++++ RECORDS

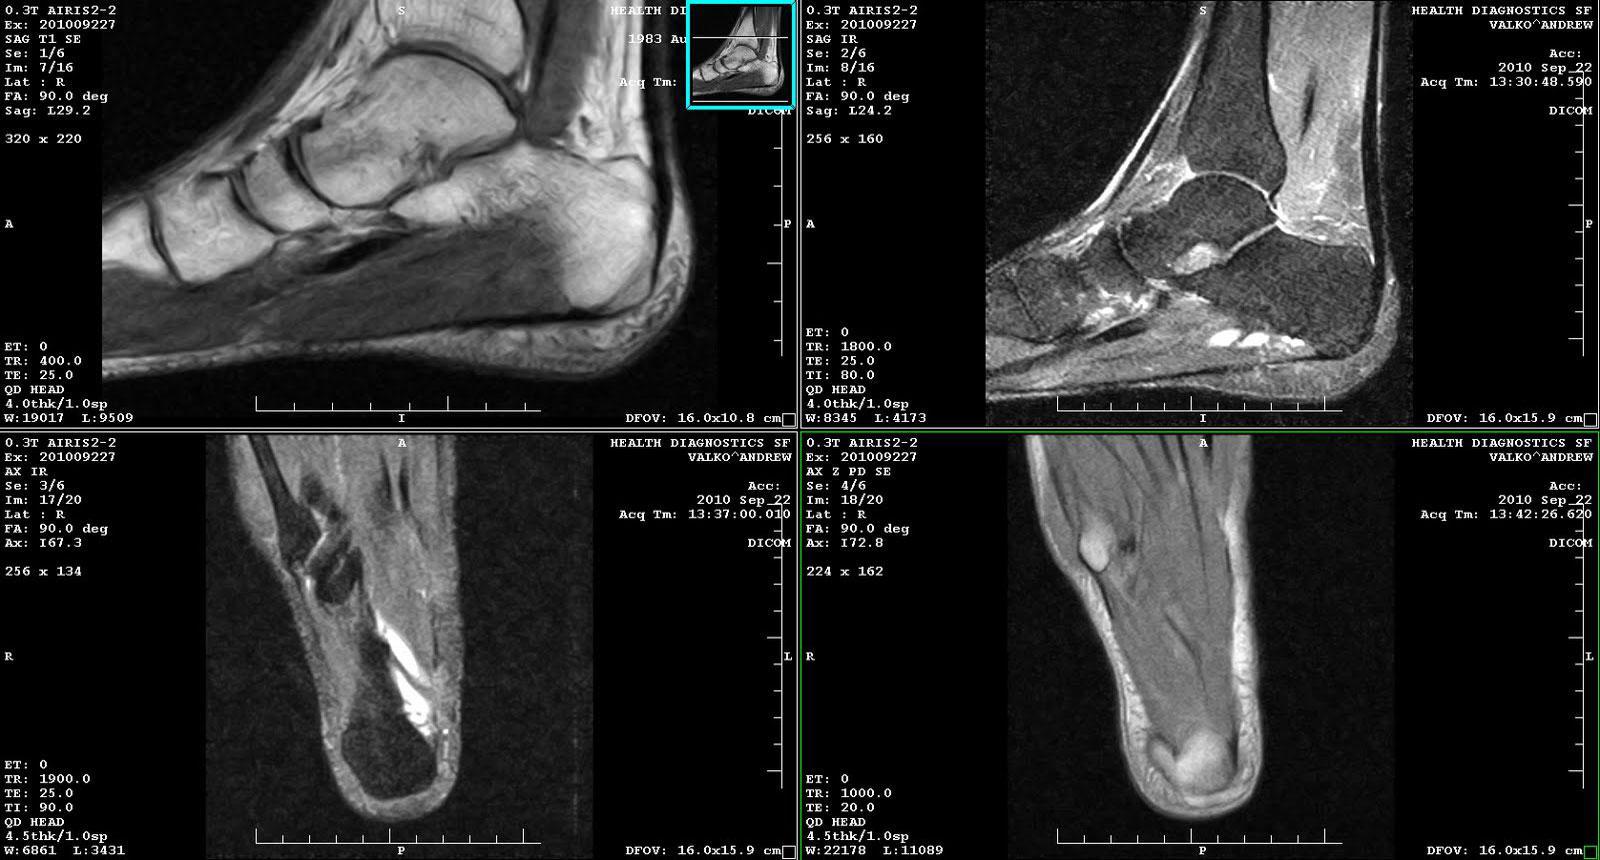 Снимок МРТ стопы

++++++++
++++ RECORDS

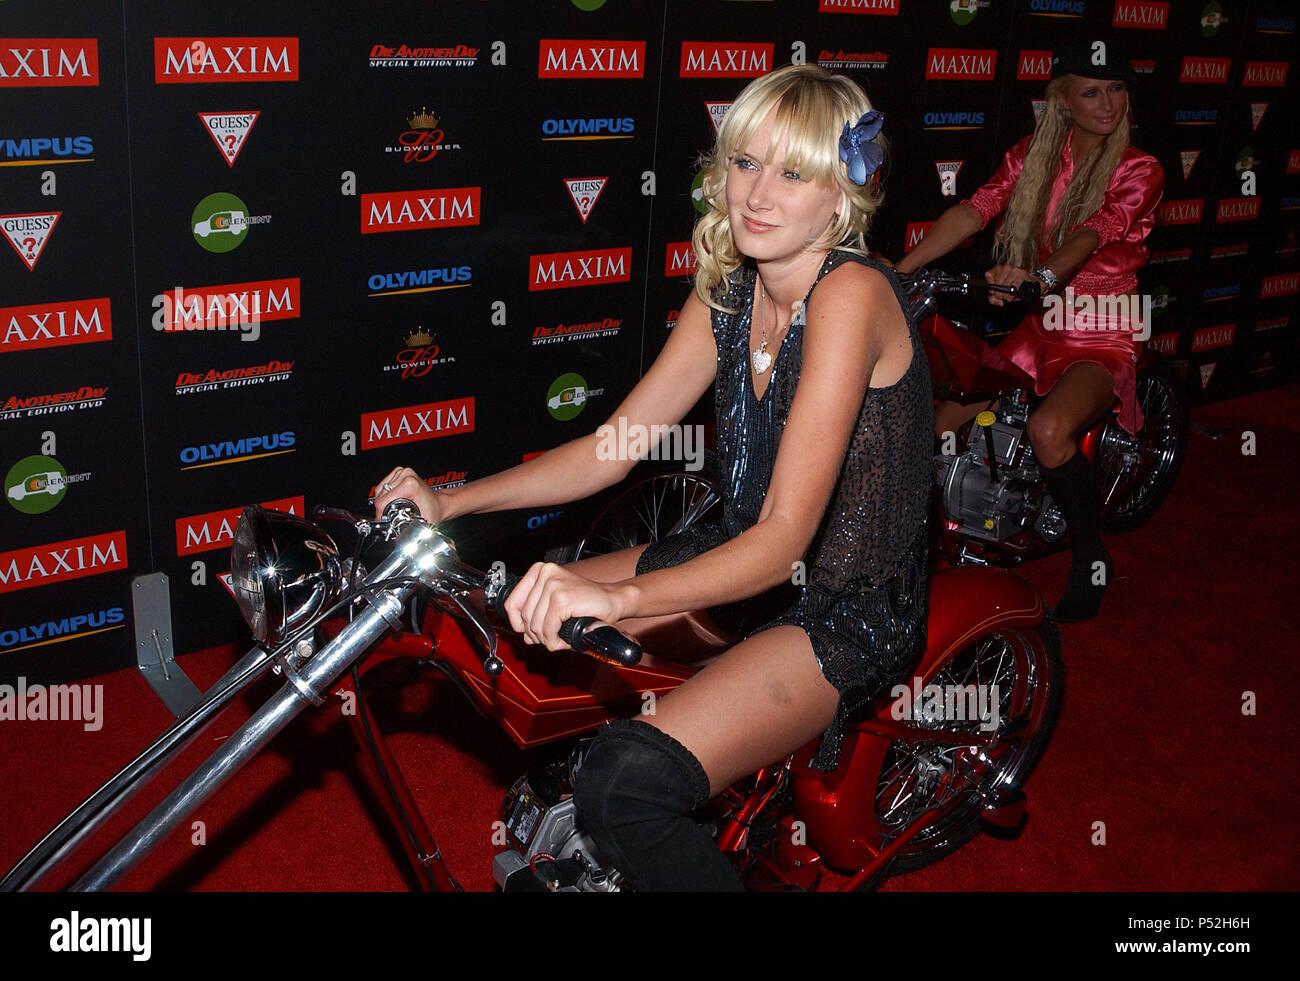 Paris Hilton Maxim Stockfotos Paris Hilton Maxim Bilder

++++++++
++++ RECORDS

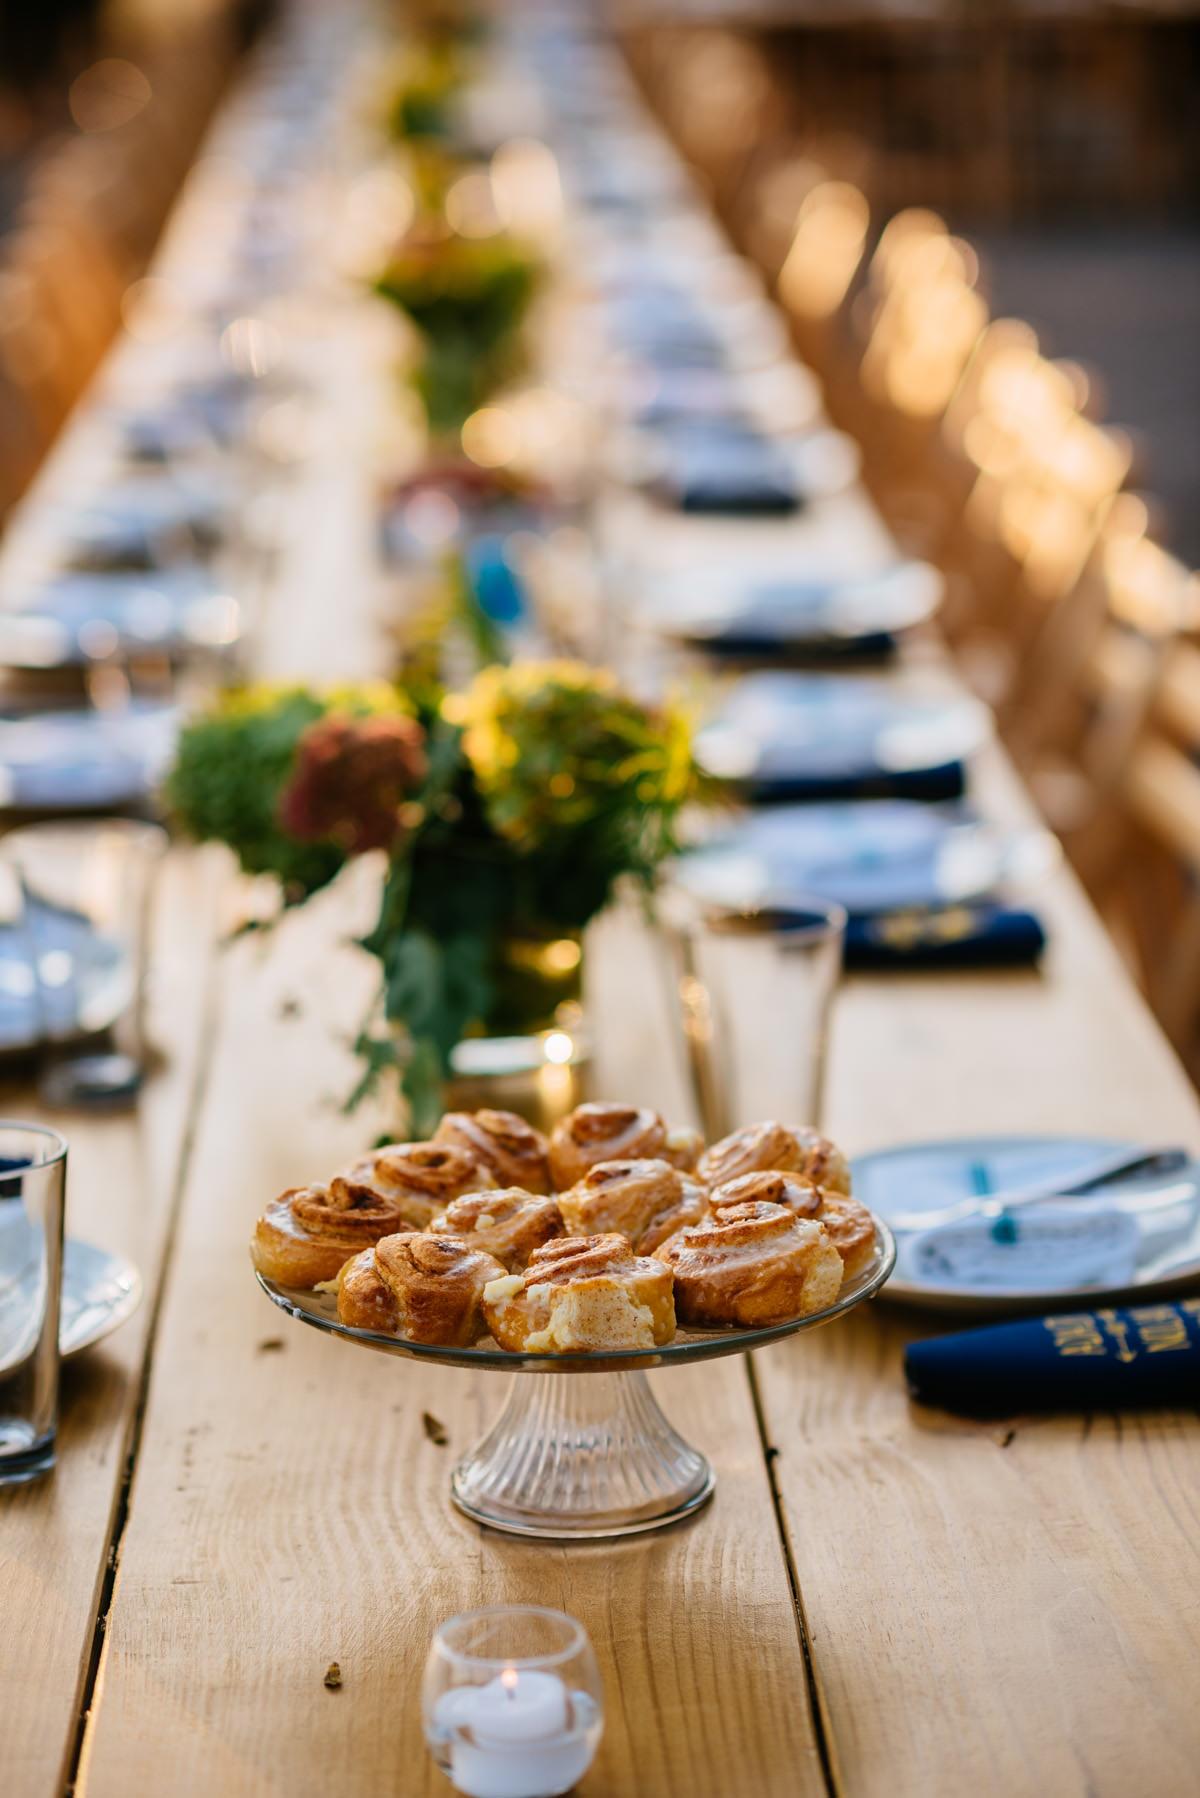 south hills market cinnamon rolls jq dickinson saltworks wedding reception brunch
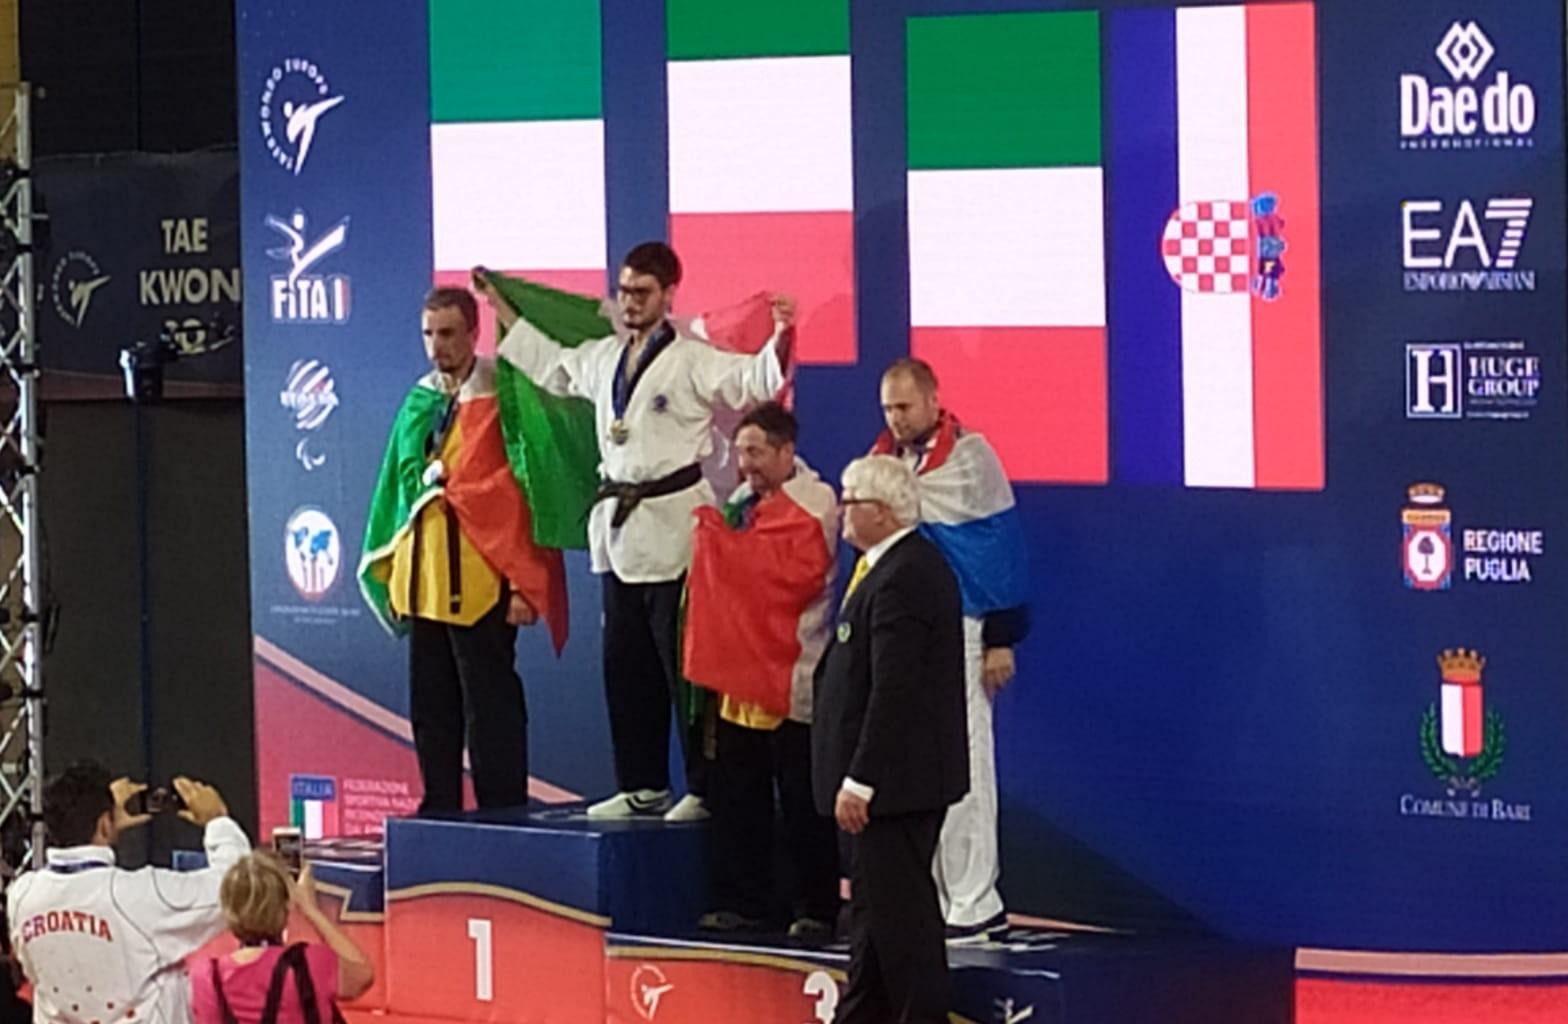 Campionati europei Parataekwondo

++++++++

HOW TO COMPLETE THIS TASK → Between and including the line above that contains "south hills market" and the line that contains "Campionati europei Parataekwondo", restate every line word for word. Pictures stay out.

RESULT OF THE TASK →
 south hills market cinnamon rolls jq dickinson saltworks wedding reception brunch
 Campionati europei Parataekwondo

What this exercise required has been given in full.